BEGIN
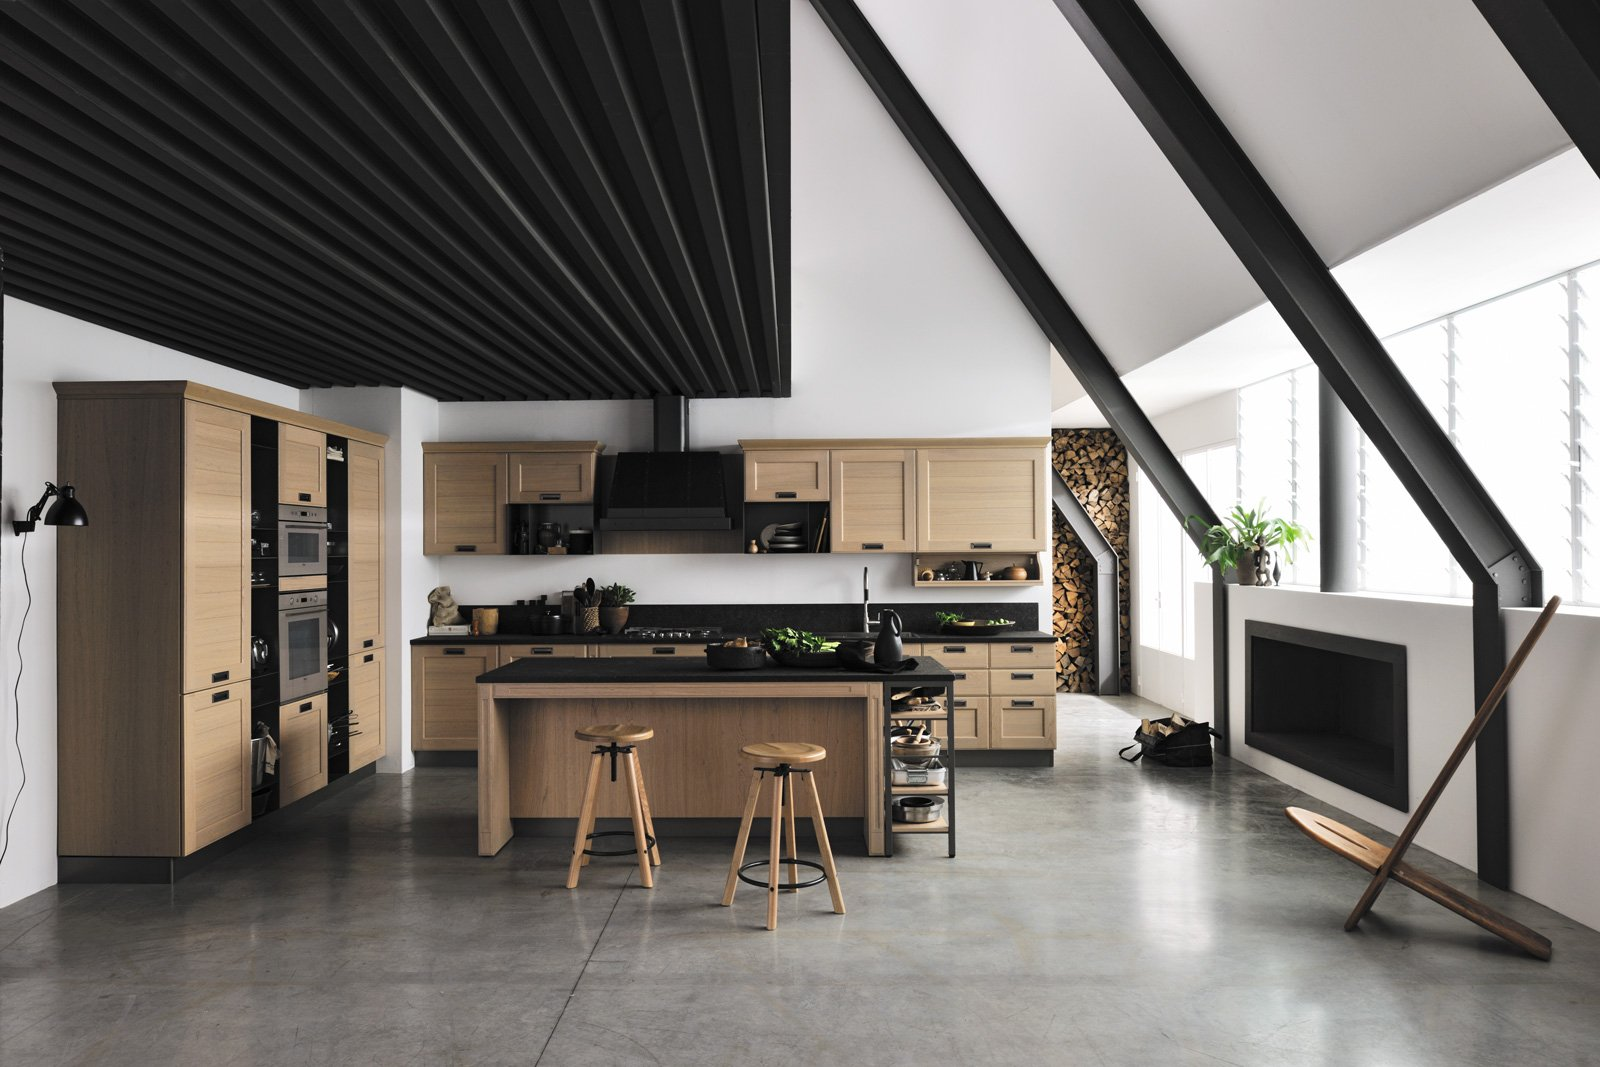 Cucine in legno tradizionali country o moderne cose di for Cucine moderne
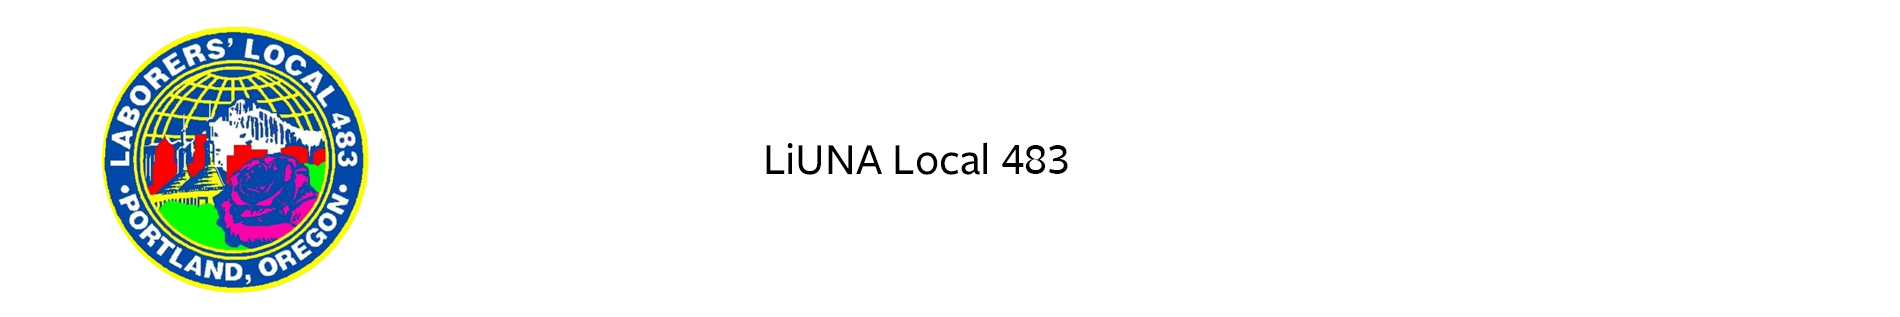 liuna.png
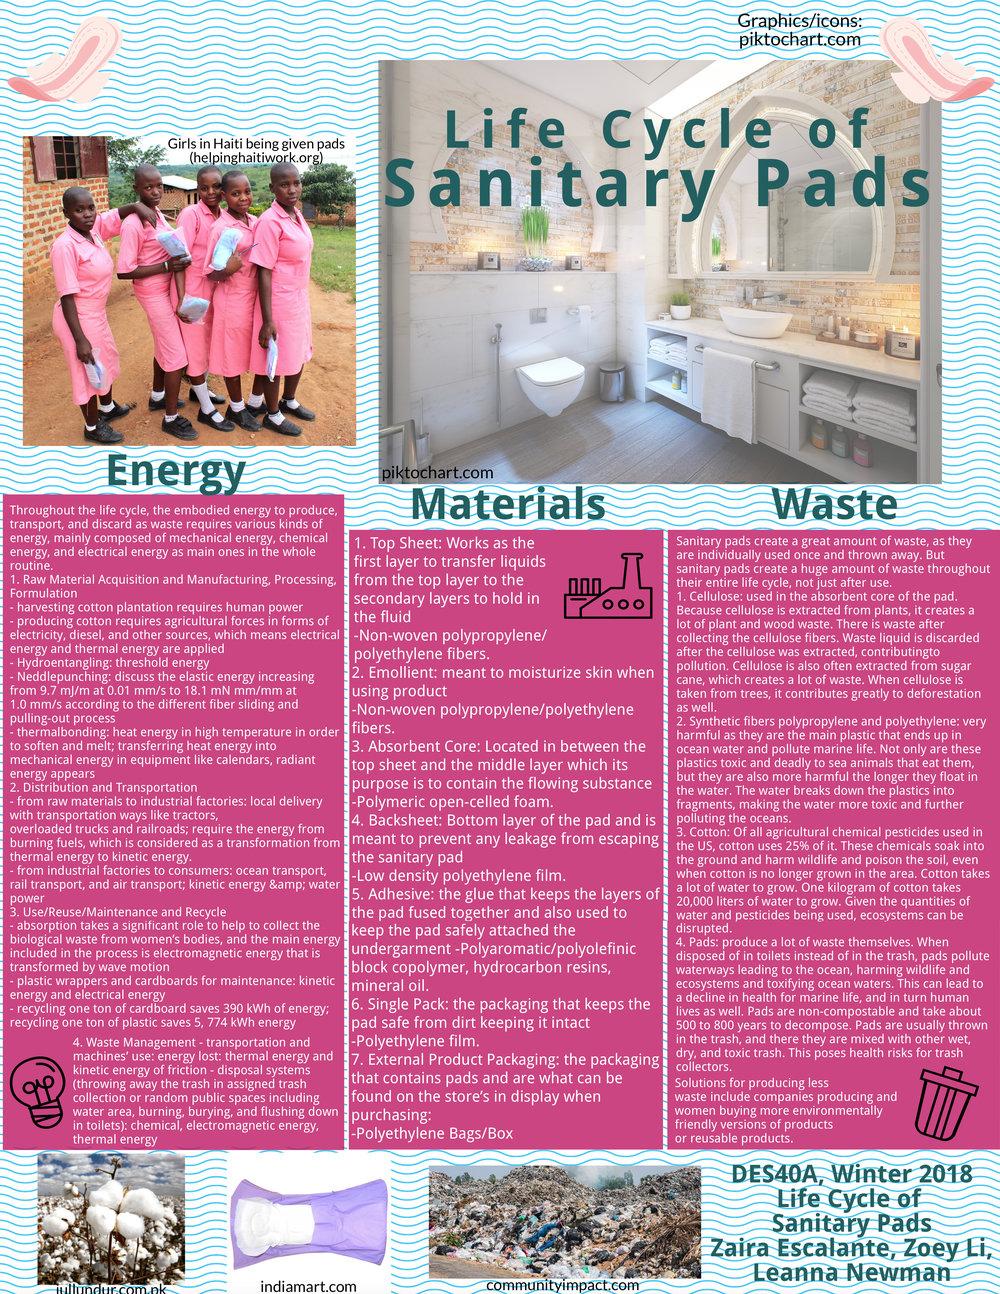 Sanitary Pads
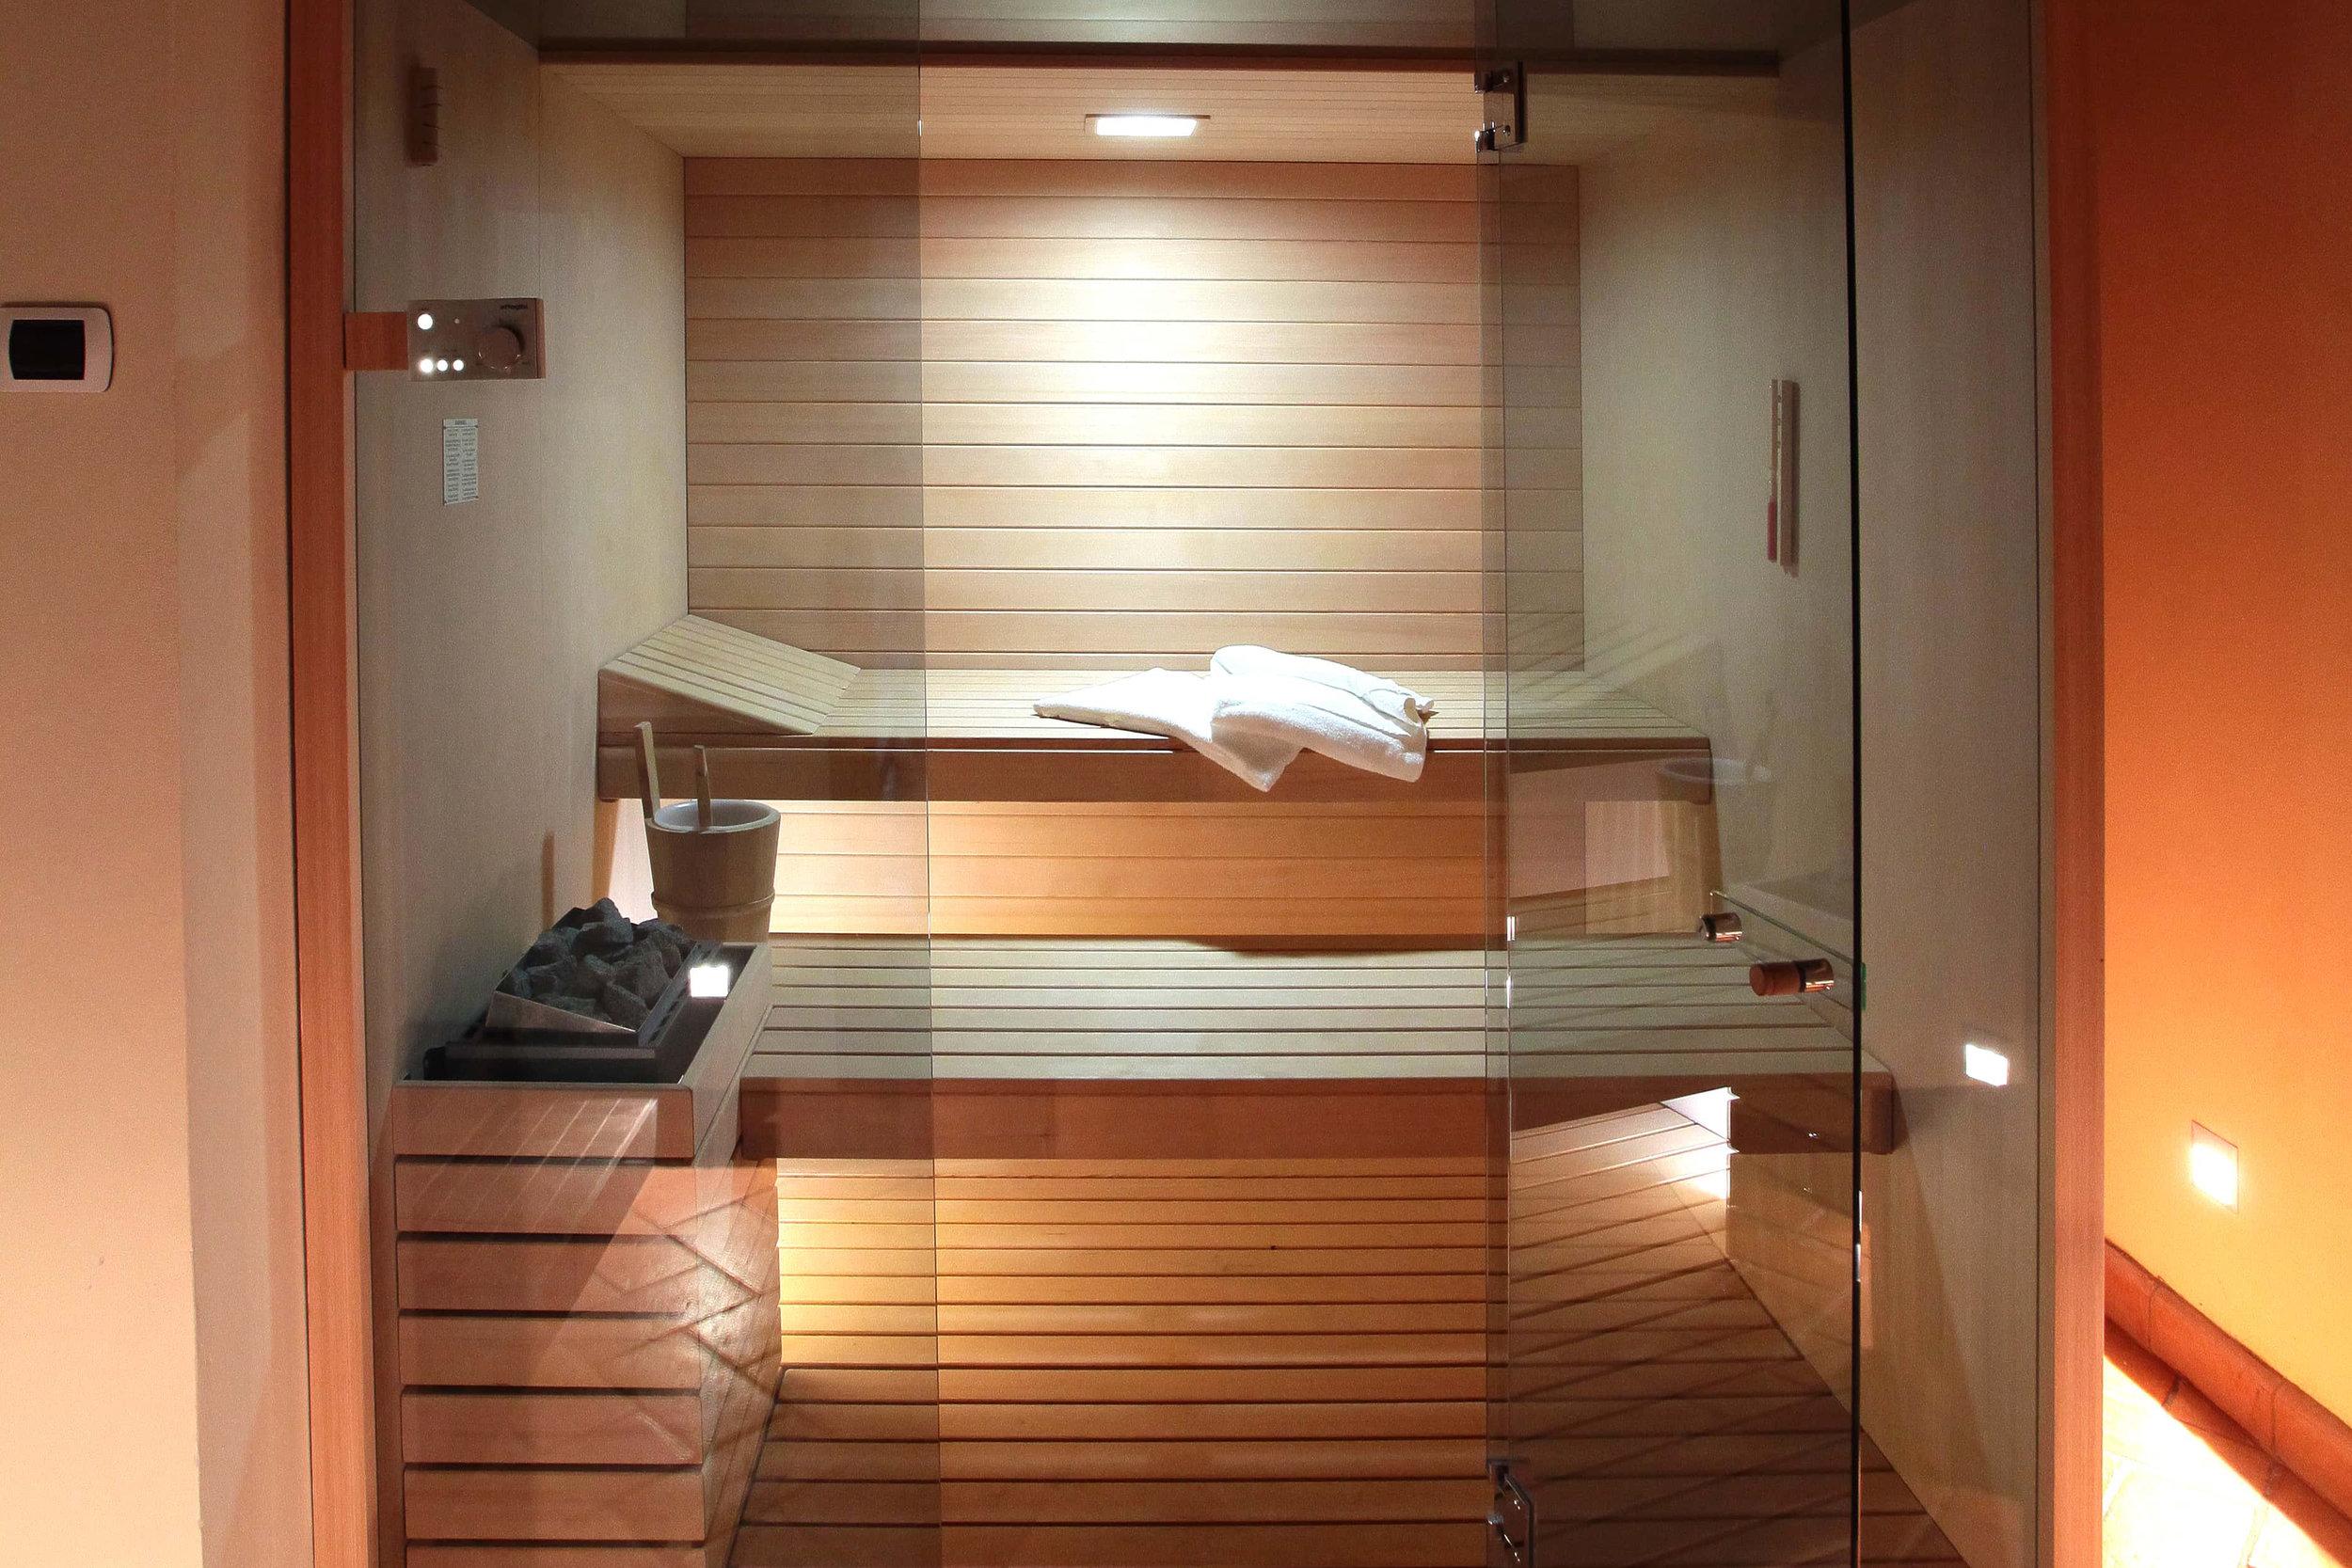 dimora-gallery-mormoraia-agriturismo-hotel-vacanza-bb-relax-camere-sauna.jpg
END
__WORK INSTRUCTION__. Output a verbatim copy of the lines from the line containing "Sanitary Pads" through the end of the data, both included, without any images.

__ANSWER FOR THIS EXERCISE__.
 Sanitary Pads
 dimora-gallery-mormoraia-agriturismo-hotel-vacanza-bb-relax-camere-sauna.jpg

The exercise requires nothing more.